Question: What regular expression would you use to determine if a given string matches this pattern?

Its use would be something like this:

string ruralPattern; //a regex pattern here
bool isRural = Regex.Match(someString, ruralPattern);

      

Update: Thanks for your suggestions! Performance and usage will reside in a static method in an assembly called from the web service. Lines checked for this pattern will be no more than 50 characters. The method will be called approximately once every 5 seconds. Any suggestions for saving it? We really appreciate it!

+2


source to share


4 answers


This should work:

^[Rr][Rr]\d+ *[Ss]\d+ *[Cc]\d+$

      

or as per another comment

^[Rr][Rr][0-9]+ *[Ss][0-9]+ *[Cc][0-9]+$

      



What does all this mean:

  • ^ - beginning of line
  • [Rr] - next char must be R or r
  • [Rr] - next char must be R or r
  • \ d + or [0-9] + - the next part must be 1 or more digits
  • (space) * - allow 0 or more spaces
  • [Ss] - next char must be S or s
  • \ d + or [0-9] + - the next part must be 1 or more digits
  • (space) * - allow 0 or more spaces
  • [Cc] - the next char must be C or c
  • \ d + or [0-9] + - the next part must be 1 or more digits
  • $ - end of line

There might be a more elegant solution out there, but it's pretty easy to read.

Edit: Updated to include some comments input

+9


source


What about...

someString = someString.Trim(); // eliminate leading/trailing whitespace
bool isRural = Regex.Match(
   someString,
   @"^rr\d+\s*s\d+\s*c\d+$",
   RegexOptions.IgnoreCase);

      



This removes upper and lower case correspondence within the template and uses \s

to allow any (unarmed) space character (e.g. tabs). If you only want spaces, then you '\s'

should change to ' '

.

+3


source


Let's clarify the following assumptions:

  • The line has three sections.
  • Section 1 always starts with an upper or lower case RR and ends with one or more decimal digits.
  • Section 2 always starts with an upper or lower case S and ends with one or more decimal digits.
  • Section 3 always starts with a C above or below and ends with one or more decimal digits.

It would be enough for simplicity.

[Rr][Rr][0-9]+[ ]+[Ss][0-9]+[ ]+[Cc][0-9]+

      

  • [Rr] means exactly one alphabet R, upper or lower case.
  • [0-9] means exactly one decimal digit.
  • [0-9] + means at least one or more decimal digits.
  • [] + means at least one or more spaces.

However, to be useful, generally when you use a regular expression, we also find separate sections to use the matching feature to help us assign the values โ€‹โ€‹of the individual sections to their respective / individual variables.

Thus, the following regex is more useful.

([Rr][Rr][0-9]+)[ ]+([Ss][0-9]+)[ ]+([Cc][0-9]+)

      

Let's apply this regex to string

string inputstr = "Holy Cow RR12 S53 C21";

      

This is what your regex helper will tell you:

start pos=9, end pos=21
Group(0) = Rr12 S53 C21
Group(1) = Rr12
Group(2) = S53
Group(3) = C21

      

There are three pairs of elliptical / parentheses.

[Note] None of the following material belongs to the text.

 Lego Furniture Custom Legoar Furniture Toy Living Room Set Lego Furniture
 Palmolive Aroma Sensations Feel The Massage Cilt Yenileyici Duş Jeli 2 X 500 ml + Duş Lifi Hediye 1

Each pair is a section of a line that the regex compiler calls the group.

The regex compiler will cause a match

  • the whole matched string as group 0
  • rural route as group 1
  • as group 2 and
  • as group 3.

Naturally, groups 1, 2, and 3 will meet with matches if and only if group 0 has a match.

Hence your algorithm will use this with the following pseudocode

string postalstr, rroute, site, compart;
if (match.group(0)!=null)
{
  int start = match.start(0);
  int end = match.end(0);
  postalstr = inputstr.substring(start, end);

  start = match.start(1);
  end = match.end(1);
  rroute = inputstr.substring(start, end);

  start = match.start(2);
  end = match.end(2);
  site = inputstr.substring(start, end);

  start = match.start(3);
  end = match.end(3);
  compart = inputstr.substring(start, end);
}

      

Also, you may want to enter a database table with columns: rr, site, compartments, but you only need the numbers entered without the alphabets "rr", "s", or "c". This will be a nested grouping regex to use.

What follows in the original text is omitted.